> **What is required**: Restate word for word the lines in the listing below, starting at the line containing "तप का आचरण करने" and ending at the line containing "#ShardiyaNavratri", both included; leave out the rest.

> **Records shown**:
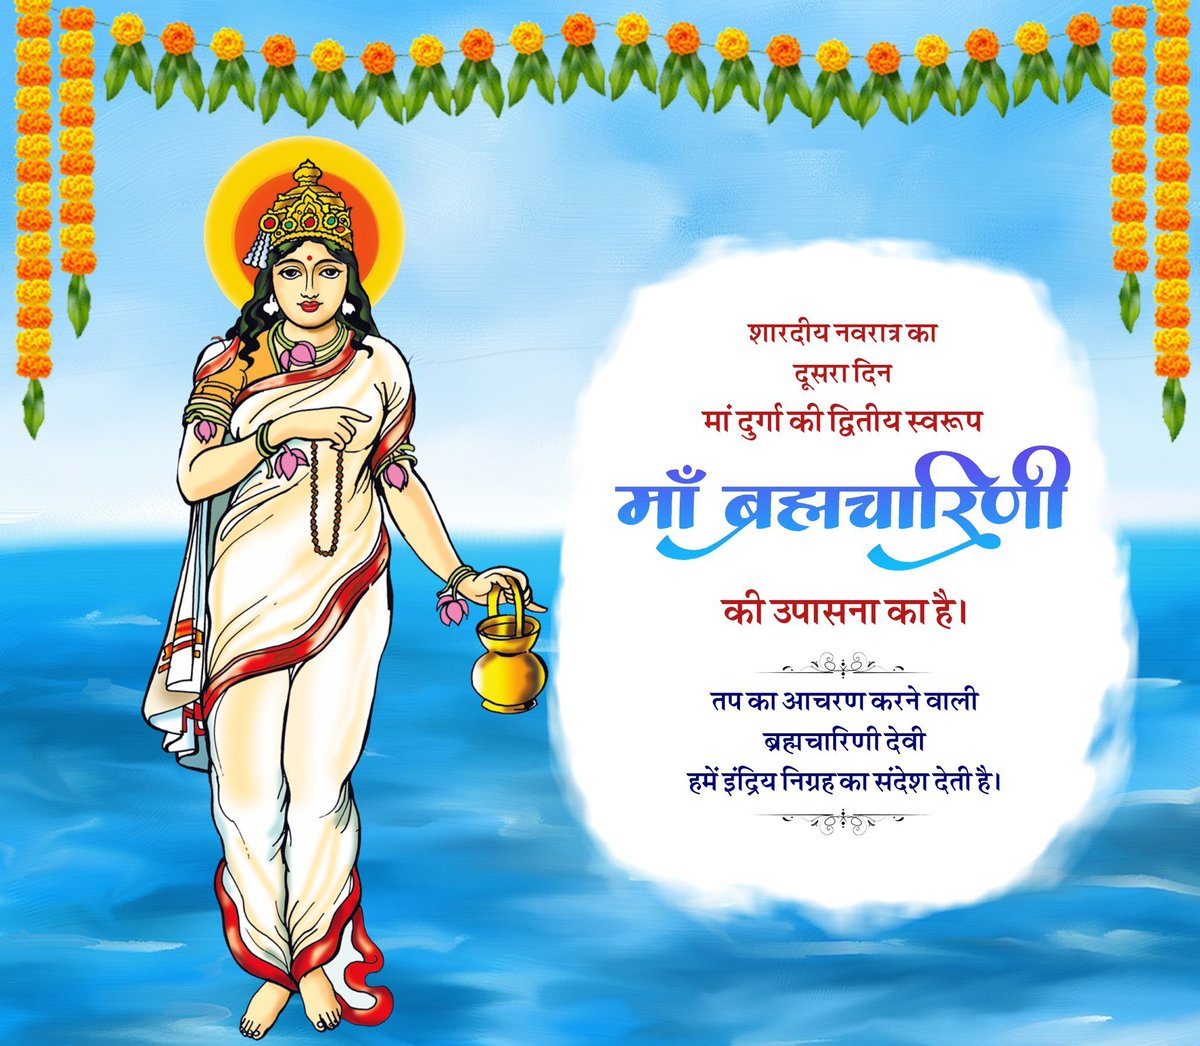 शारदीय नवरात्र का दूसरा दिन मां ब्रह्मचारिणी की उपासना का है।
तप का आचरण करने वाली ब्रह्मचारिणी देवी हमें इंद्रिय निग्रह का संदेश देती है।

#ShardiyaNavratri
--
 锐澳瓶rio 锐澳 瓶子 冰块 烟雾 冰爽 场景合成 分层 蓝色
--
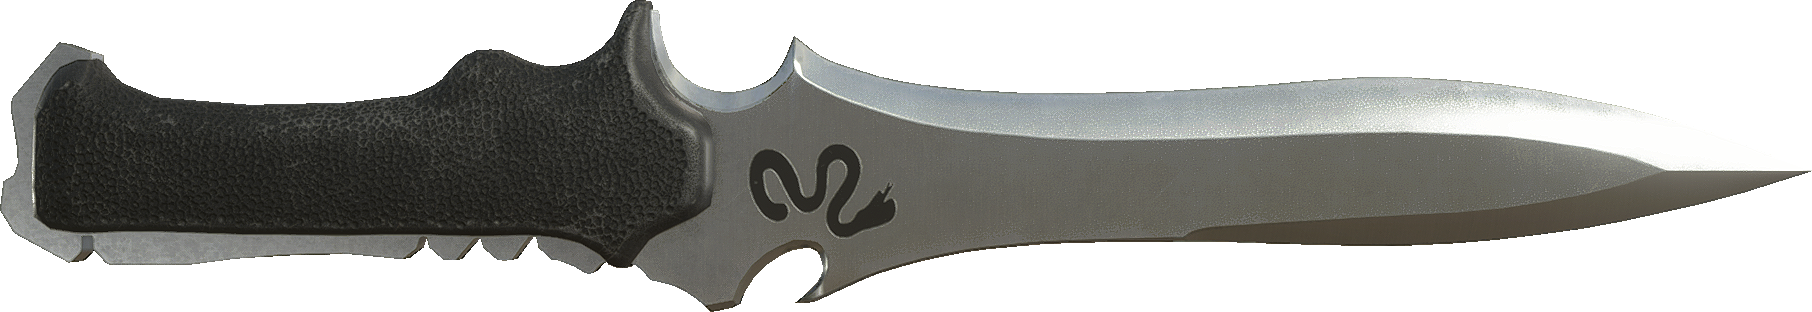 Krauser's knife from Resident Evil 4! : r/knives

> **The answer**:
तप का आचरण करने वाली ब्रह्मचारिणी देवी हमें इंद्रिय निग्रह का संदेश देती है।

#ShardiyaNavratri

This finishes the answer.